See also Sanderson’s First Law: “An author’s ability to solve conflict with magic is DIRECTLY PROPORTIONAL to how well the reader understands said magic.” As a corollary, if you want a Fair Play Insight to be good literature, the reader must have real actual understanding active in their minds, not just a game of ‘Gotcha!’ where you mentioned the answer once in Ch. 26.  To dramatically show Level 2 Intelligence, all the pieces of the puzzle must be present and active in the reader’s mind, not just mentioned once in a lone sentence half-a-book earlier, but mentioned often enough to actually be there in the reader’s mind.  So that the reader says “Of course!” at the moment of dramatic climax, rather than “Wait, was that a thing…?”

On your next read-through of HPMOR, notice how many times you are reminded that Harry is wearing a pinkie ring with a tiny jewel that is a Transfigured rock, before the critical moment in Ch. 89 where invoking this fact must not slow down the story’s pace at all.

Vinge’s Law

Vinge’s Law says that if you know exactly what a very smart agent would do, you must be at least that smart yourself. If you know exactly where Deep Blue would move on a chessboard, you can just move to that place on the chessboard yourself, and play chess at least as well as Deep Blue. In the theory of tiling agents, Vinge’s Law appears as the rule that a self-modifying agent is not allowed to know its future self’s exact choices before deciding on a self-modification (since then each version would need to be successively stupider).

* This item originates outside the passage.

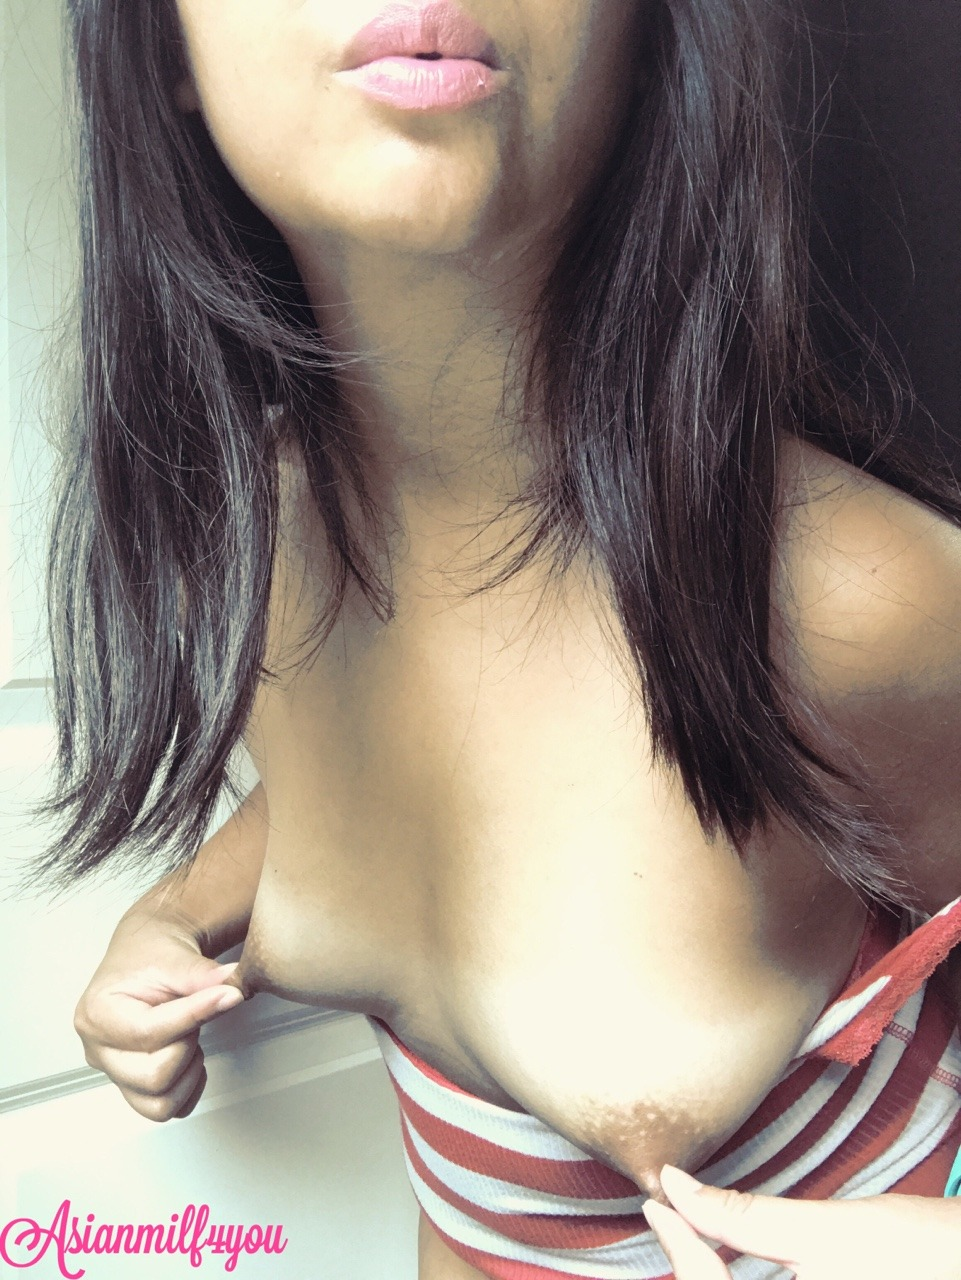 Sexcams nerdy asian girl  free sex waif tit big tits
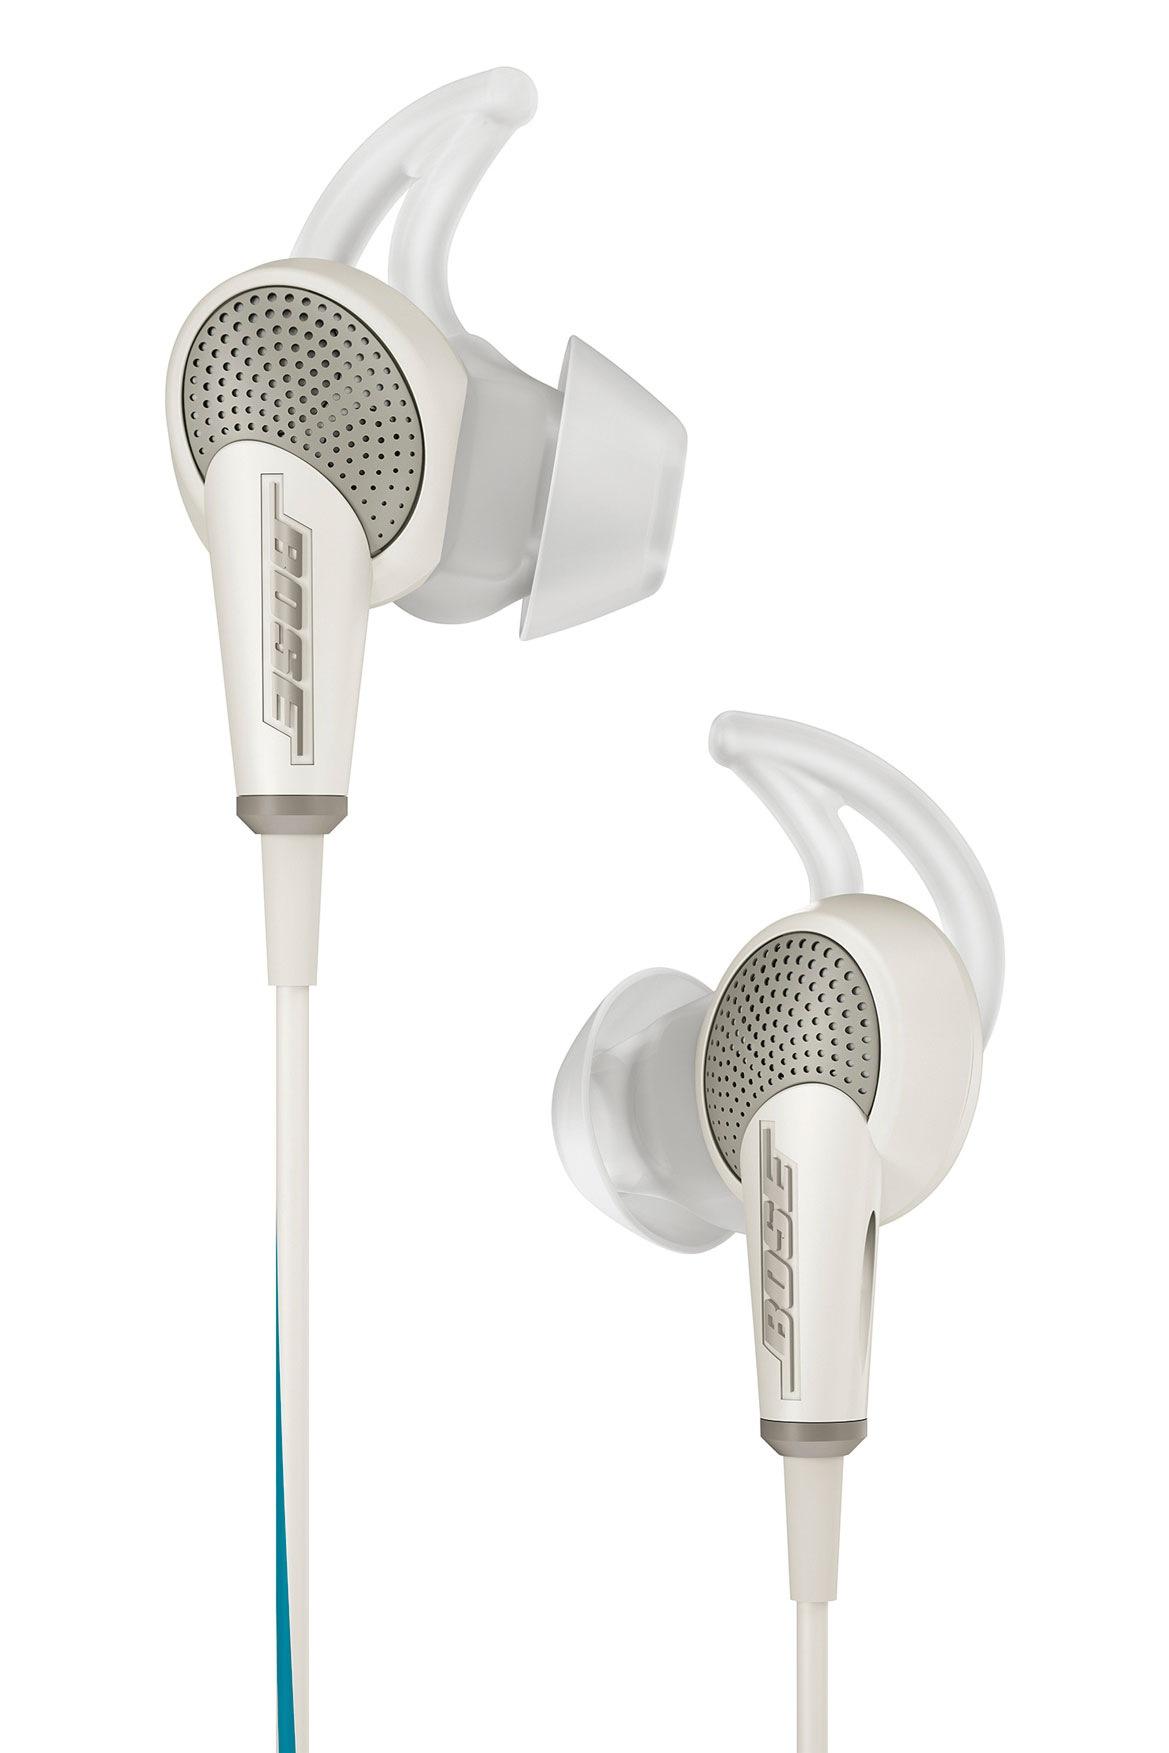 Bose Headset Plug Wiring Electrical Diagrams Diagram Earbud Scenhiser

The place where the mathematician Vernor Vinge originally coined this observation was, in fact, the literary theory of science fiction: Vinge observed that he could not write realistic transhuman characters because he would need to be smarter than human himself in order to figure out what they would actually do. Lucius Malfoy in HPMOR paraphrases both Vinge’s Law and its literary application when Lucius tells Draco that plays like _The Tragedy of Light_ are never truly realistic, because if the playwright had been as smart as Light, the playwright would have tried to take over the world himself instead of just writing plays about it.

This is not to say that you should despair of writing intelligent characters because you think you’re not intelligent yourself. “Being intelligent” is something you can decide to try harder at and something you can practice, not something of which you have a fixed quantity; an insight that goes under the name of “growth mindset” (Google it). But you do need to input significant amounts of real intelligence yourself to write a Level 2 Intelligent character.

We can see the techniques Orson Scott Card employed to create Ender Wiggin as generalized sneaky artifices which create a character that outputs more apparent cognitive work than you yourself have put in, in limited violation of Vinge’s Law.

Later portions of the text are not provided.